Teenage thrash metal band Alien Weaponry shock and surprise audiences on a number of levels. Their songwriting is complex, developed and highly political. Their live performance energy is startling, with just two fourteen year olds commanding the front of stage as effectively as four and five piece bands three times their age. But perhaps most surprising of all, given their blonde flailing locks and Viking appearance, many of their songs are in New Zealand's native language, Te Reo Māori.


In fact, guitarist/lead singer Lewis de Jong (14) and his brother, drummer Henry (16), are of Ngati Pikiāo and Ngati Raukawa descent - they call themselves ‘Stealth Māori.' They attended a full immersion kura kaupapa Māori (Māori language school) until they were seven years old, where singing waiata and performing haka were a daily routine.
Also ingrained in their early learning were stories of New Zealand history from a Māori perspective - giving rise to songs like ‘Raupatu' (land confiscations by the colonial government), ‘Kaitangata' (the ancient practice of eating the flesh of one's fallen enemies after a battle in order to insult them), and ‘Rū Ana te Whenua' (the trembling earth - referring to the mighty battle at Pukehinahina/Gate Pa in 1864, where their ancestor, Te Ahoaho, lost his life).
The band's English material is equally controversial, with songs like ‘Hypocrite,' ‘Rage,' ‘PC Bro',' and ‘The Cult of Sanitised Warfare' calling out everyone from teachers and friends at school to the media for variously glorifying and destroying the lives of television and sports stars.

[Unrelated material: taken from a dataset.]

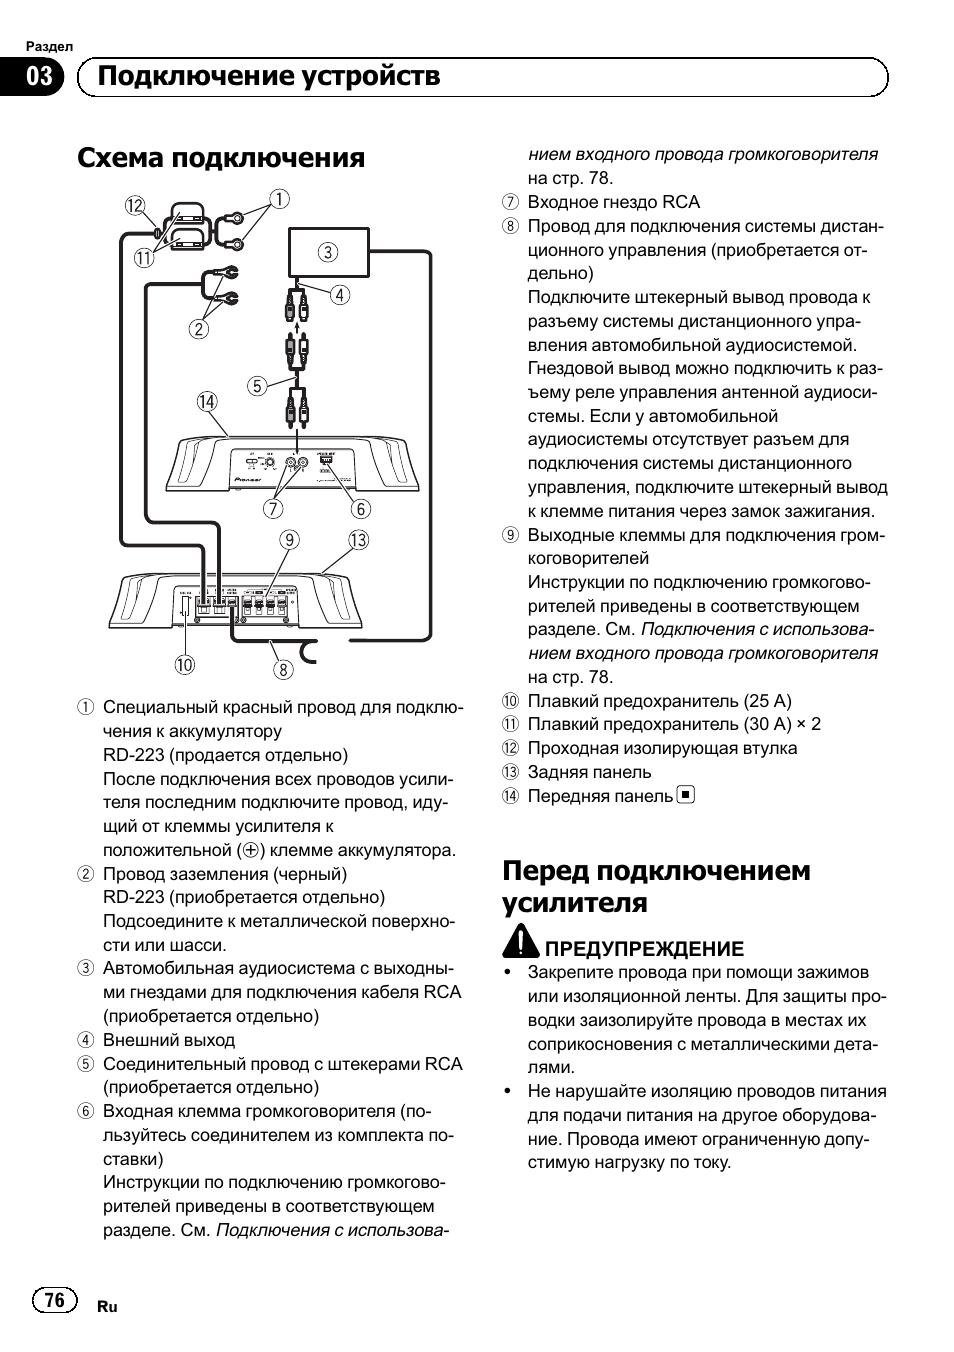 pioneer gm-3500t схема подключения

"We listened to all sorts of music when we were younger," says lead singer and guitarist Lewis de Jong, "but we were drawn to thrash metal because it's quite complex music, and it is a great vehicle for expressing real stories and emotions."


"It also works with Te Reo Māori," adds his brother Henry. "Both the musical style and the messages have a lot of similarities with haka, which is often brutal, angry and about stories of great courage or loss."
Other early musical influences included Red Hot Chilli Peppers, Rage Against the Machine and Metallica, and the brothers wrote their first song together when they were 8 and 10 years old. The band's name was also decided then - inspired by the movie District 9.

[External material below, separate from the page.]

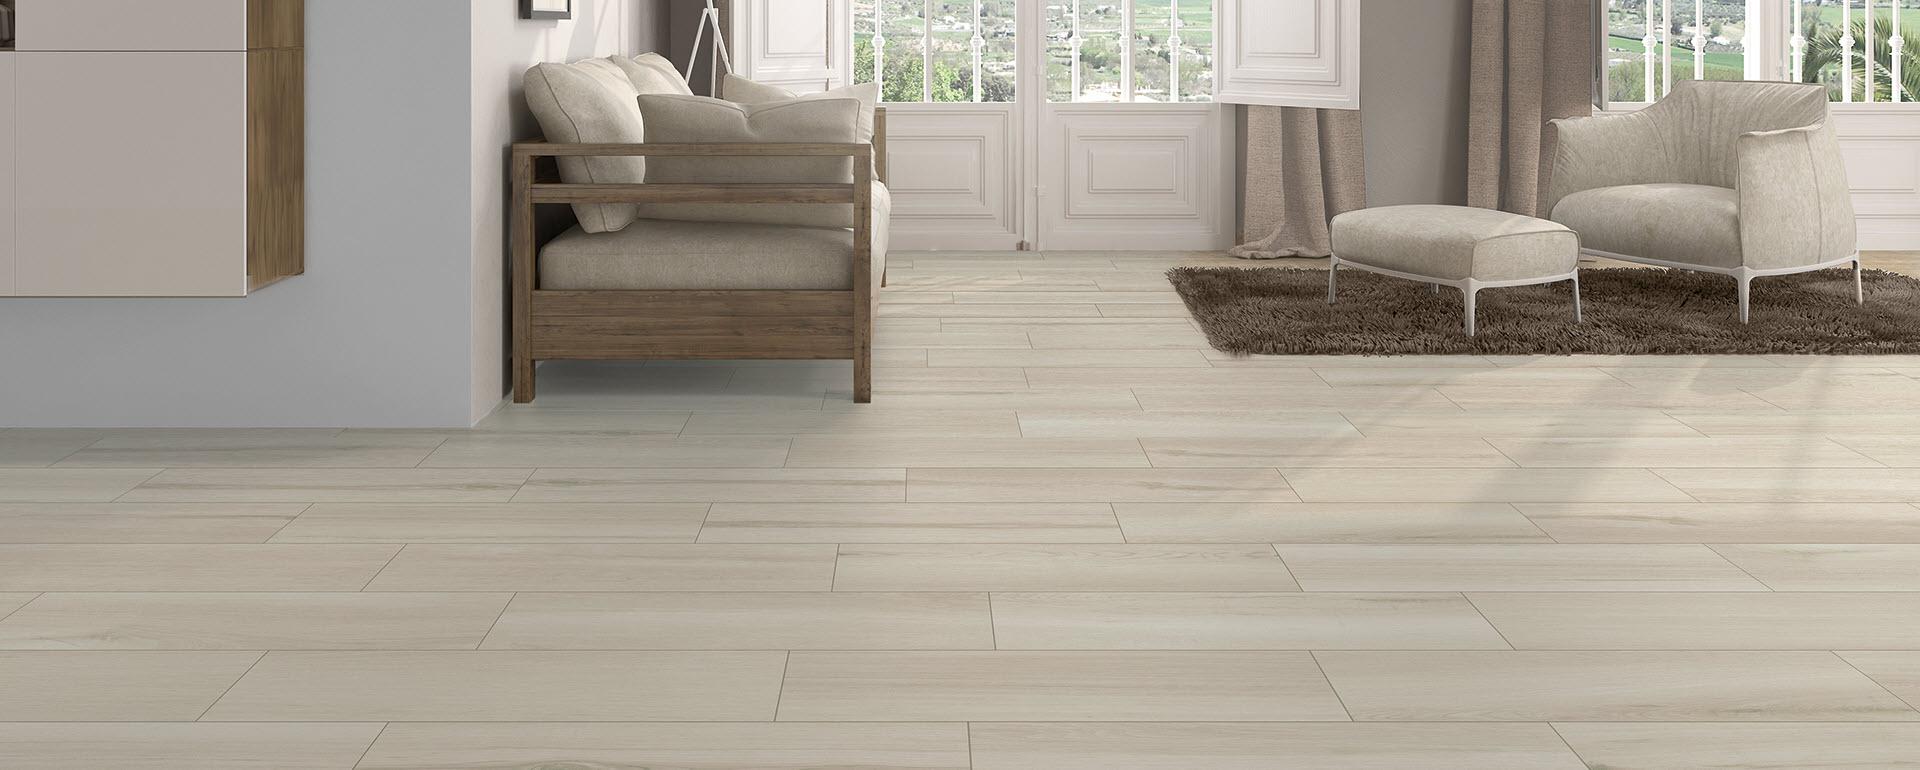 Timber Blanco Porcelain Tile 9x30

Bass player Ethan Trembath (14) and guitarist Lewis met while honing their unicycling skills at the local circus school in Waipu, Northland, where the de Jong brothers moved to in 2012. He scored the job in Alien Weaponry because he could play the ukulele and (at age 10) he was the first friend who could reach the end of the bass guitar.


Initially, the band's focus was competing in NZ school band competition, Smokefree Rockquest. As they amassed more material, they began touring locally, and had a breakthrough in 2014, when Paul 'The Axe Man' Martin played their demo ‘Cages' on his radio show ‘The Axe Attack'. He subsequently invited the trio to open for his own highly successful band, Devilskin, on their sell-out NZ tour.


A year later, Tom Larkin (drummer for NZ hard rock legends SHIHAD) saw some of their clips on YouTube, resulting in an opening slot with SHIHAD, and an ongoing relationship with Larkin, who is producing their first album.
"These kids are leagues beyond their years," he says. "This is some seriously crushing metal."


Winning the national finals of both Smokefree Rockquest and Smokefree Pacifica Beats in 2016 (the only band ever to win both competitions), as well as independently obtaining a $10K NZ On Air grant a few months earlier, has put Alien Weaponry firmly on the global music radar as a force to be reckoned with.


Metal Hammer magazine recently included the trio in its Ten Best Metal Bands from New Zealand feature (Oct 2016), describing them as "One for the future."


And it's not just the metal community who are taking notice.


"These guys could be bigger than Lorde in terms of our musical export," said TV One Breakfast music correspondent Sarah Gandy, following their Smokefree Rockquest and Pacifica Beats wins.


"They believe in their identity as a metal band, their use of Te Reo is impressive, there's really nothing else like this in the world at the moment," agrees one of the Smokefree judges, Jeff Newton from NZ On Air.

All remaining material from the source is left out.